The world is looking frantically for green technologies to make our lives more sustainable.
From an integrated control system for your home to smart clothes, modular smartphones, edible plates and sea bins that collect the rubbish of the sea, the Rubbish Please Company can easily say there is a huge rise in the interest and search for new environmental inventions.
However, are these green gadgets going to be enough to get us to the goal of 20% reduced emissions worldwide?
We’ll leave that for you to decide, meanwhile, we’ve gathered a list of the 5 green technology innovations that will restore your hope for humanity.
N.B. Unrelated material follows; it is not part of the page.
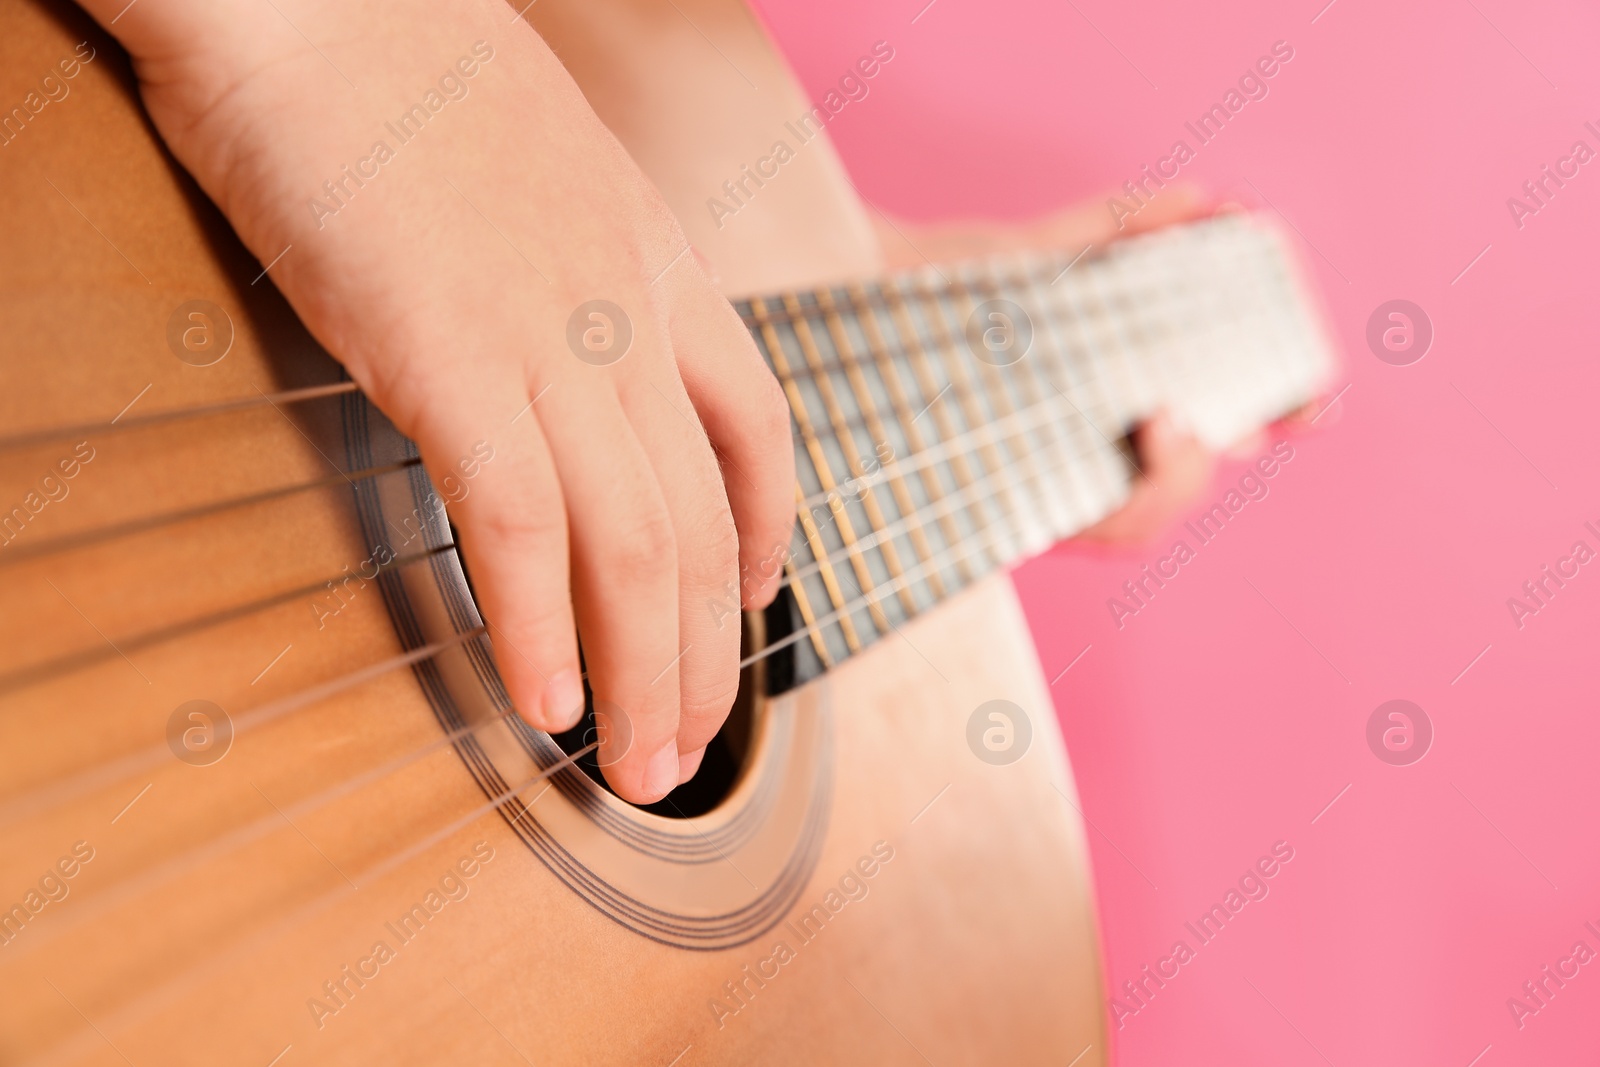 Photo of Little girl playing wooden guitar, closeup view

We believe those will be the change-makers for the sustainable future we all wish for.
1: The Electric Car
This one will not be about Tesla cars, but about its new and uprising competitors.
We believe that having higher competition will make innovations happen faster and the end product (EVs) will cost less when there is over one powerful player on the market.
Think of how fast smartphone innovations have gone for the past few years.
Did you know: 25-30% of the annual emissions in the U.S. are generated from transport vehicles
The first electric car start-up we want to give props to is the California-based company, Faraday. Even their name seems like a challenge aimed at Tesla. Michael Faraday is a well-known scientist for his research and innovation in the fields of electromagnetism and electrochemistry.
The fact that Faraday focuses on producing an electric supercar with a 1000 horsepower engine (actually, 4 engines, 1 for each wheel) will make Tesla work even harder to maintain the first spot in this niche which on its turn will snowball the flow of innovation in this much-needed field of electric vehicles.
The second contender in the EV market is Uniti who have a different, equally powerful approach – to work on user-friendliness and focus on target markets such as millennials who look for practicality and reliability. You can follow the development of this Swedish start-up here.
A few decades might pass until electric vehicles are the dominant transportation worldwide, and until then, we hope the continuous development of low emission fuels such as cellulosic biofuels would serve as the perfect remedy for the unpleasant shift from oil-fuelled to green energy-fuelled transportation.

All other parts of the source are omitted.